# Groundbreaker Coating



## DarkLore (Jan 25, 2009)

I have several groundbreakers created. They are made with foam heads, pvc, newspaper, and liquid nails. I want to coat them with something that will give them durability. My specific concern is for the foam heads to be durable like the body - and blend in as a single piece. I will then airbrush, paint, or stain them to their final look.

If you have a recipe or technique that might be useable, please post. Mixture of elmers/water, some off the wall deviation of monster mud, or whatever. _Btw...I detest the thought of carpet adhesive. I won't consider anything based on it._

At one of our make-n-takes, Jaybo showed me a technique he was playing with for coating tombstones to make them hard, yet light weight. Something like that. Jaybo...feel free to describe your method.


----------



## Mr_Chicken (Nov 26, 2008)

Exterior house paint does the job just fine.


----------



## Jaybo (Mar 2, 2009)

I use Vinyl Concrete Patch and wood glue for the tombstones, but I don't think that's what you would be looking for on this prop.
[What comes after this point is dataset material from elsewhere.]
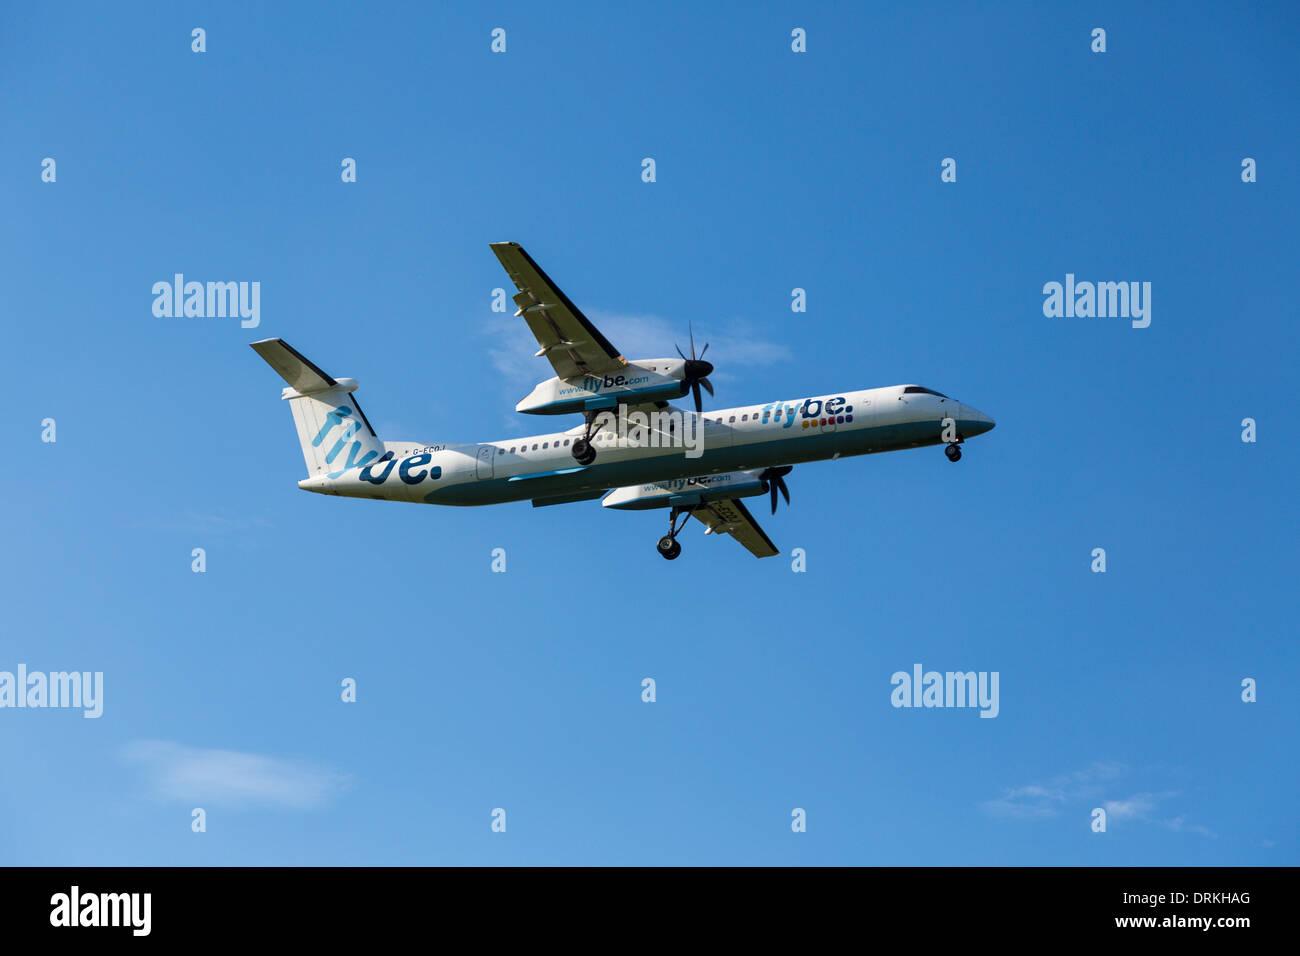 Flybe De Havilland dash 8 to land - Stock Image

Like Mr. Chicken said, a good coat of exterior latex paint would be fine if you are just looking to protect from the elements.
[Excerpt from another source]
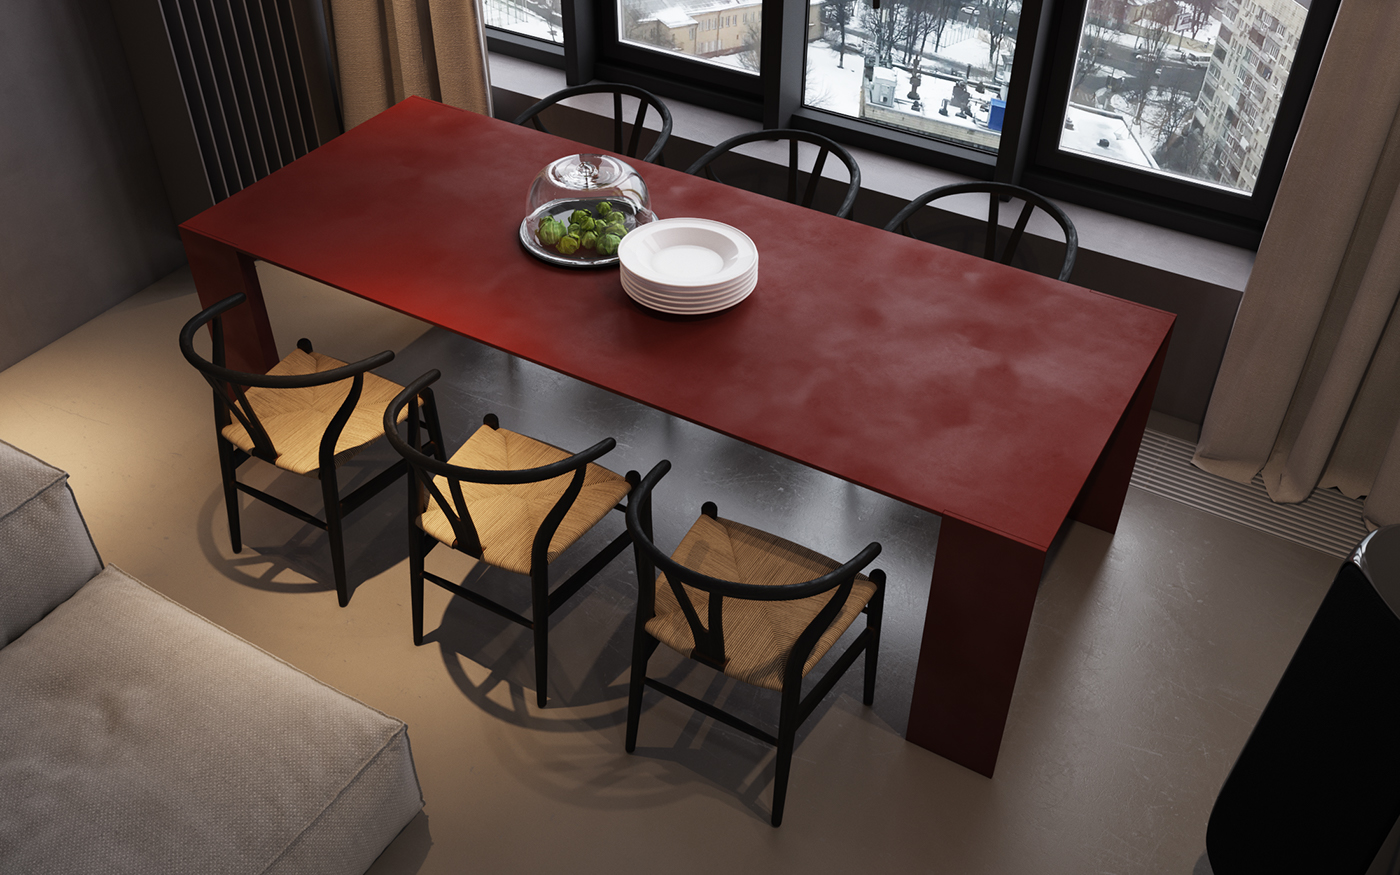 【国外作品】现代公寓 | Z.Design architecture

If you are looking for some unique textures, then Liquid Nails (not FRP Adhesive) or PL300 Foamboard adhesive mixed with paint is great. Basically any latex based caulk. You can add a little joint compound to the mix to thicken it up a bit. If you add too much joint compound, the mix tends to crack.

Now, if you mix this stuff with a high speed drill, it will whip it into a foam with lots of air bubbles. This gives you some cool texture once dried. I'll try to get a picture posted showing what I am talking about a little later. If you don't like the texture, just mix it slowly by hand to get a smooth consistency.
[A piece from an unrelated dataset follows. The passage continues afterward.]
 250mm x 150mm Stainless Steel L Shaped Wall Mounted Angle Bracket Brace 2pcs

I usually use the following amounts in the mix:


1 Quart latex paint
2 - 4 tubes of latex caulk
2 cups of Joint Compound

If you want to bulk things up a little, you can make a clay with this mix. Just add cellulose insulation (which is really only shredded paper) to the mix until you get a nice clay like substance.

I'll try to remember to post a picture tonight of what the whipped texture looks like.


----------



## DarkLore (Jan 25, 2009)

I'm looking for more than a coat of paint. Think of the chocolate coating on ice cream. I want a hardened shell...specifically for the foam.


----------



## Jaybo (Mar 2, 2009)

Candy coating huh? Ok, try this:











 6 pounds of Quickrete Vinyl Concrete Patch
1 Quart Water
1 Quart Woodglue (you can do this with latex paint also, but it will be thicker with the glue)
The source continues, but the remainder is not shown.